Gemeinsam in die Zukunft
- Von Miriam Paul, Annika Schaper
- Erschienen in Ausgabe Nr. 132 (2026/1)
Was kann der VDP für den künstlerischen Nachwuchs tun? Wie lassen sich junge Bühnen auf dem Weg in die Tourneetätigkeit unterstützen? Was hat der Verband, das diesen Bühnen helfen könnte? Auf diese Fragen fand sich bei der VDP-Jahrestagung 2025 eine Antwort. Der VDP hat Spielstätten!
Das neu gegründete Referat „Kontakt Junge Bühnen“, bestehend aus Miriam Paul und Matthias Träger, hat daher ein Matching-Programm erarbeitet. Es soll jungen Kolleg:innen ermöglichen, ihre Abschlussarbeiten in Spielstätten von VDP-Mitgliedern zu zeigen und Erfahrungen zu sammeln. Den VDP-Häusern bieten solche Engagements die Gelegenheit für Austausch mit neuen Tendenzen und jungen Ideen der Figurentheaterszene.
Die Idee ist gut, aber der Weg zur Umsetzung war nicht ganz einfach. Es wurden von uns zwei Fragebögen entwickelt, einer für Spielstätten des VDP, einer für junge Bühnen, um Möglichkeiten und Bedarfe zu erfassen. Es erforderte einiges an Arbeit, hierfür einen Platz auf unserer Website zu finden, sie dafür einzurichten, eine sinnvolle Darstellung der Informationen von Bühnen und Spielstätten zu entwickeln und Abläufe zur Erfassung der eingehenden ausgefüllten Formulare zu entwickeln.
Jetzt ist es soweit! Alle bisher eingegangenen Fragebögen sind über den Marktplatz der Website zugänglich. Das Matching kann beginnen!

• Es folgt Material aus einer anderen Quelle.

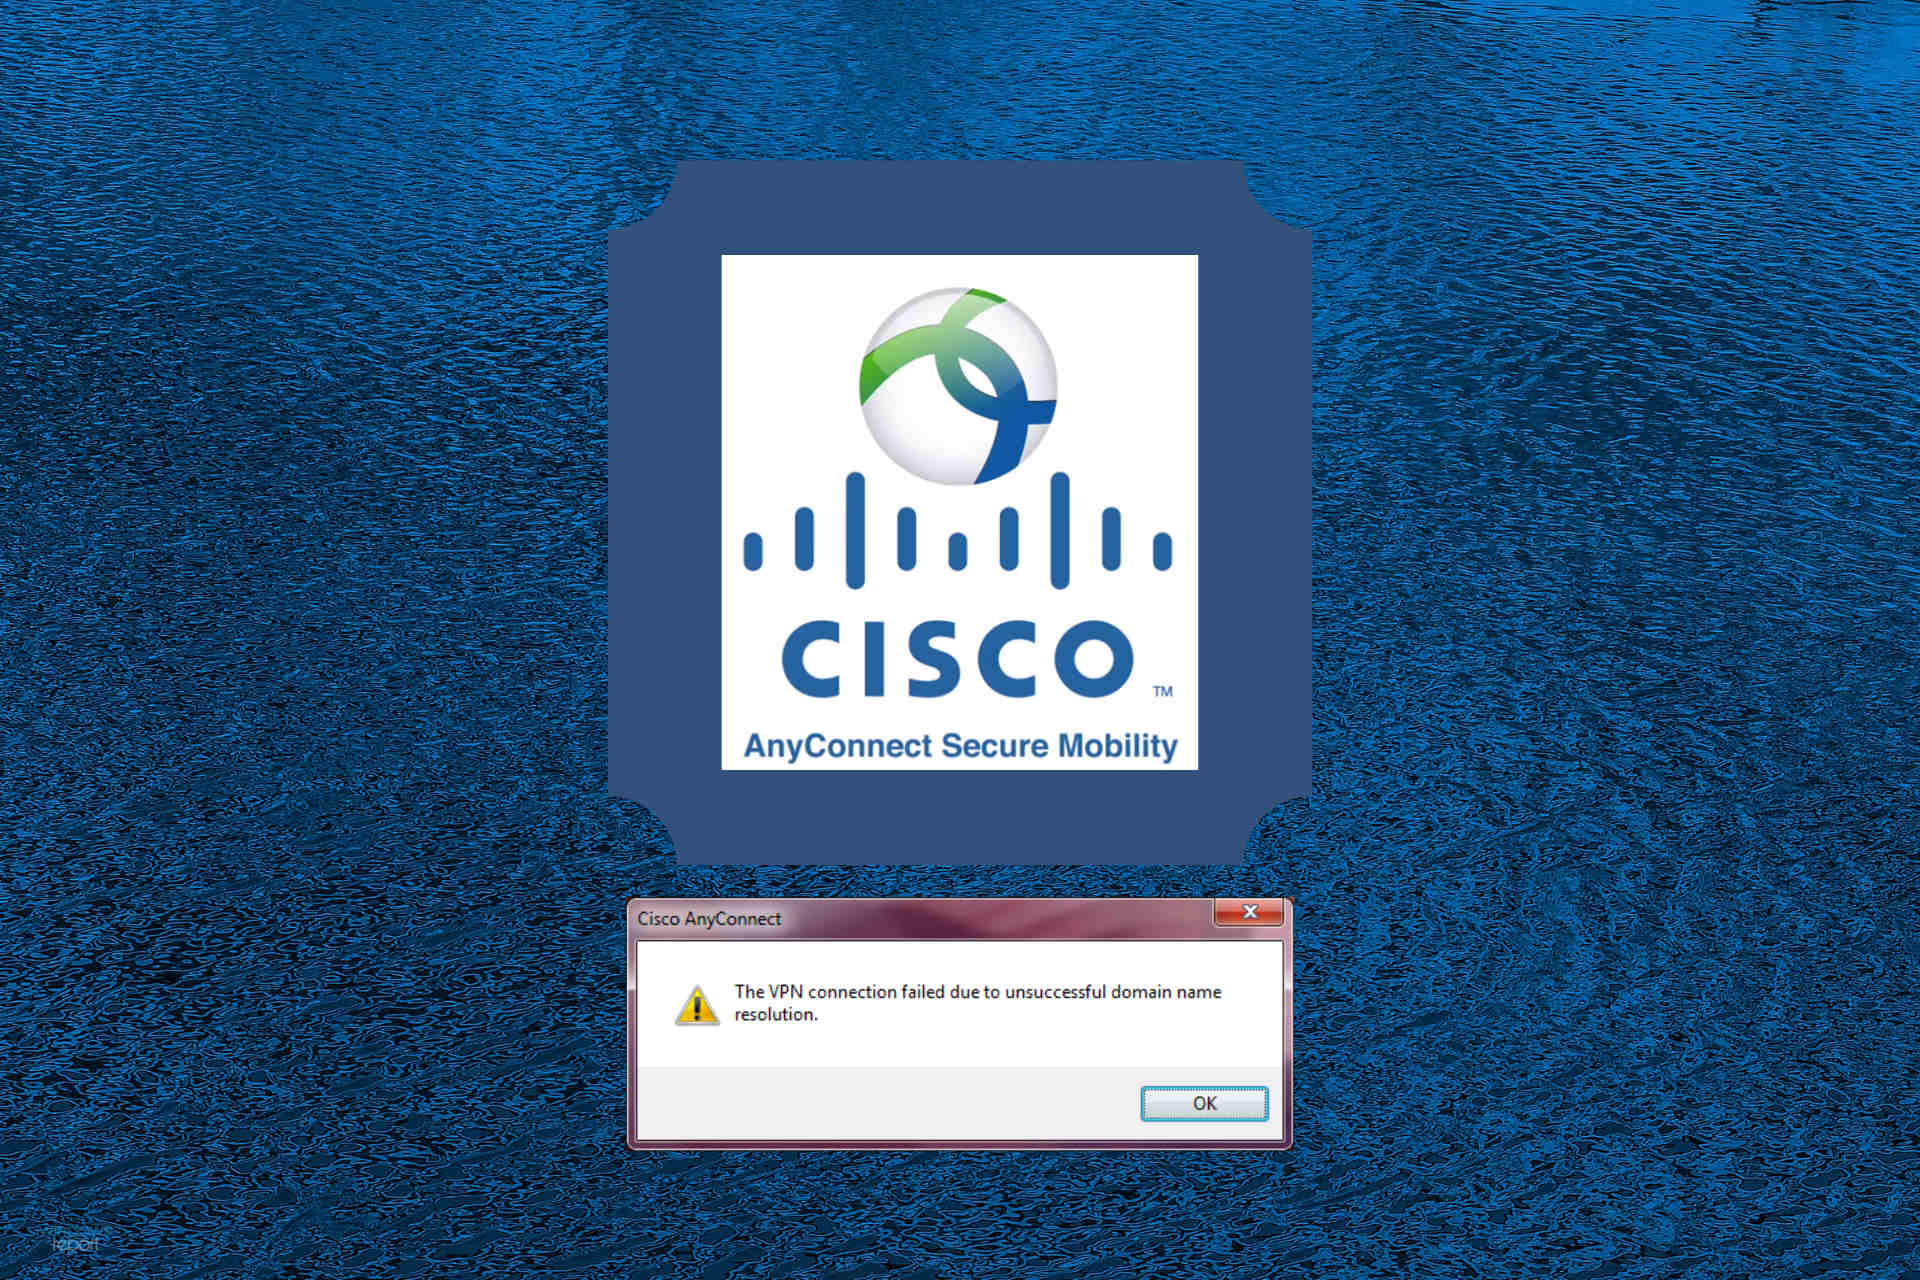 cisco anyconnect could not connect to server

Und so geht’s: Feste Häuser hinterlegen ihr Profil im Marktplatz auf der Website des VDP und Absolvent:innen füllen zu ihrer Inszenierung einen Fragebogen aus. Beide Seiten können über den Marktplatz auf die jeweiligen Fragebögen zugreifen und so zueinander finden. Das Programm steht den Absolvent:innen aller Studiengänge und Ausbildungsstätten des Bereichs Figurentheater offen. Eingeladen sind Absolvent:innen aus Stuttgart, Berlin, Bochum, Warmsen oder aus eher performativen Studiengängen anderer Hochschulen. Als Spielstätten können sich VDP-Mitglieder, die ein Festes Haus betreiben, listen lassen.

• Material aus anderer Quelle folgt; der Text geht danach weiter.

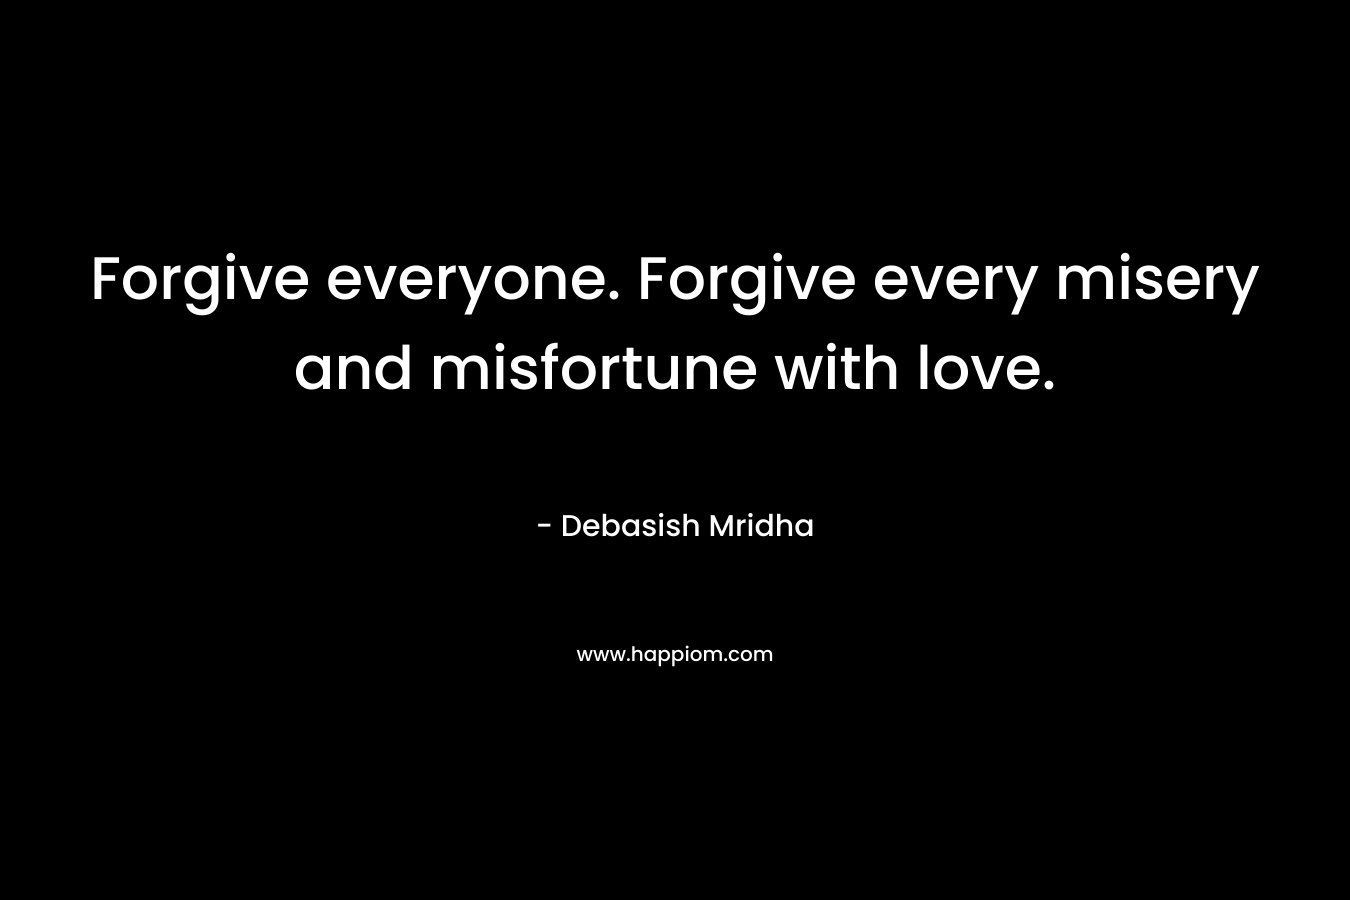 Forgive everyone. Forgive every misery and misfortune with love.

Zur Teilnahme: Bitte füllt den Fragebogen für junge Inszenierungen bzw. den Fragebogen für Feste Häuser aus und sendet ihn an ; VDP-Mitglieder können ihre Daten auch gerne selbst im Mitgliederbereich einstellen. Wir sind gespannt auf Eure Rückmeldungen und freuen uns auf zahlreiche Eintragungen – viel Spaß beim „Matchen“!
Mein Blick als Veranstalterin - von Mirjam Paul / Theater Fadenschein
Seit nun sechs Jahren, seit ich eine eigene Spielstätte betreibe, frage ich mich, wie ich den künstlerischen Nachwuchs unterstützen kann. In meiner Anfangszeit als Spielerin hätte ich mir ein Netzwerk an interessierten Spielstätten gewünscht, bei denen ich mich mit meinen ersten Inszenierungen hätte bewerben können, um Spielerfahrung zu sammeln, Kontakte zu knüpfen und ein Publikum zu erreichen.

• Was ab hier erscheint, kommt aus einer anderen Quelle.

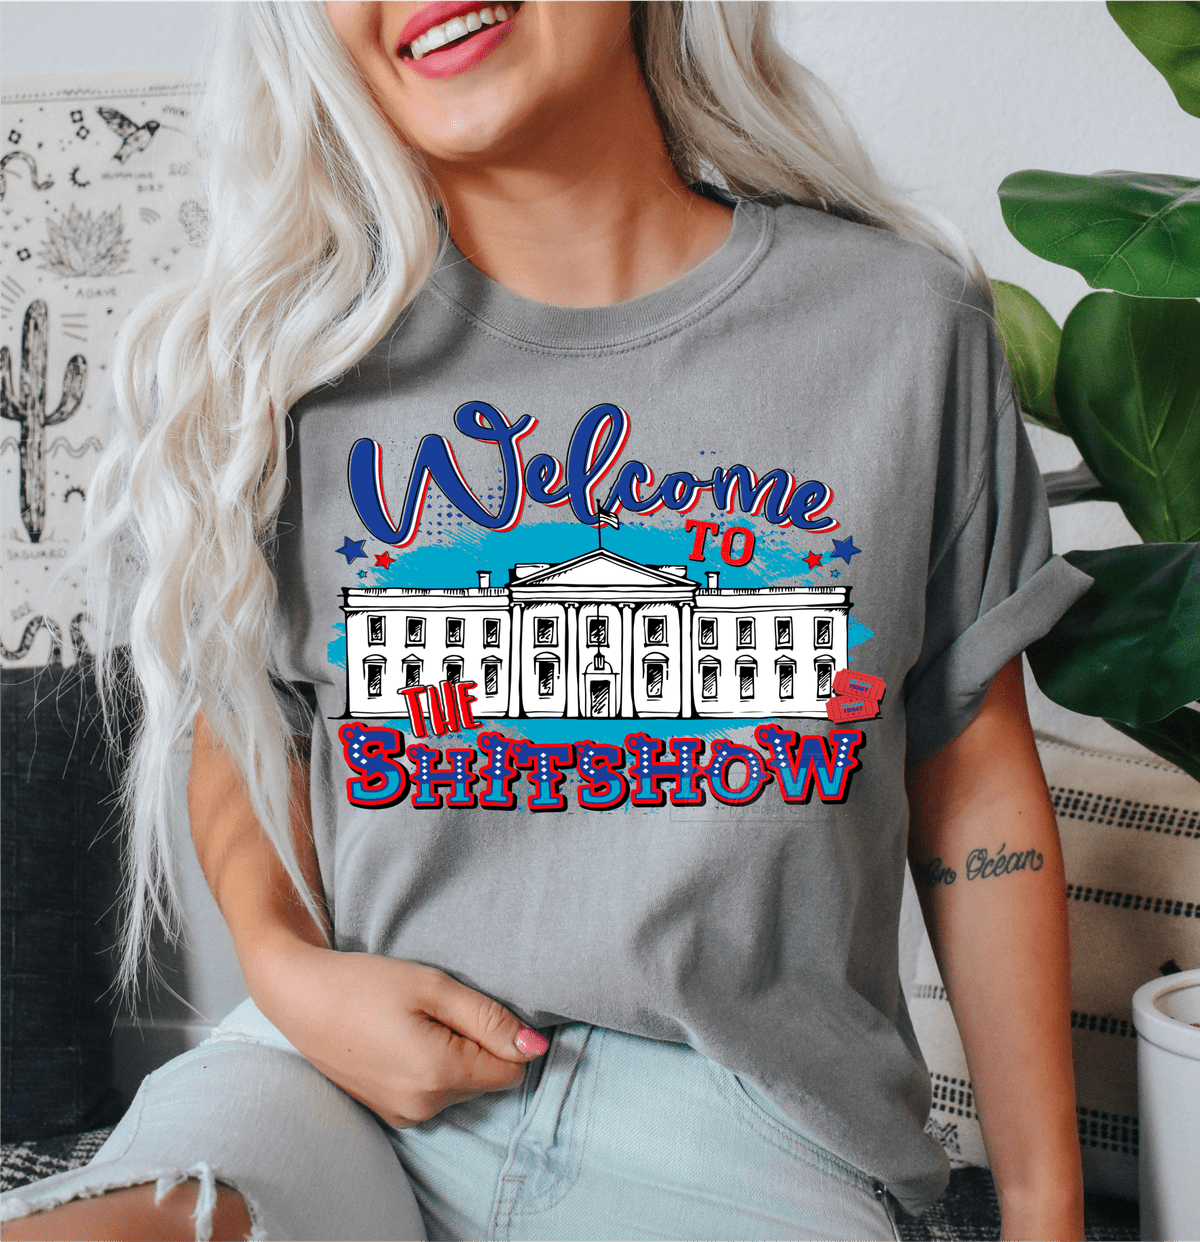 Welcome to the shitshow White House tickets size ADULT DTF TRANSFERPRINT TO ORDER - Do it yourself Transfers

Als Theater Fadenschein habe ich daher einen ersten Schritt gemacht und meine Bühne geöffnet indem ich das WEITBLICK HALBZEIT Festival für den künstlerischen Nachwuchs ins Leben gerufen und 2023 erstmals durchgeführt habe. Ein langes Wochenende mit vier Inszenierungen für Erwachsene und zwei Walkacts. Es war ein Experiment, das ich fortsetzen will. Es war allerdings für uns als Veranstalter recht aufwändig. Die Inszenierungen an unseren Theaterraum anzupassen und die Vorstellungen technisch umzusetzen, war weit zeitintensiver als von mir angenommen. Ein kurzfristig anberaumter Workshop zur Lichtprogrammierung, ein spontanes gemeinsames Livekonzert abends auf dem Theaterhof, große Wiedersehensfreude bei den Darsteller:innen, die sich seit dem Studium in alle Winde zerstreut hatten – es war ein sehr lebendiges, beglückendes und lehrreiches Wochenende für alle Beteiligten; auch für uns. Bei einer Wiederholung werde ich allerdings für jede Inszenierung einen vollen Tag für Aufbau und Wiederaufnahmeprobe einplanen, um unsere Nerven zu schonen und künstlerisch entspannt den Inszenierungen gerecht zu werden.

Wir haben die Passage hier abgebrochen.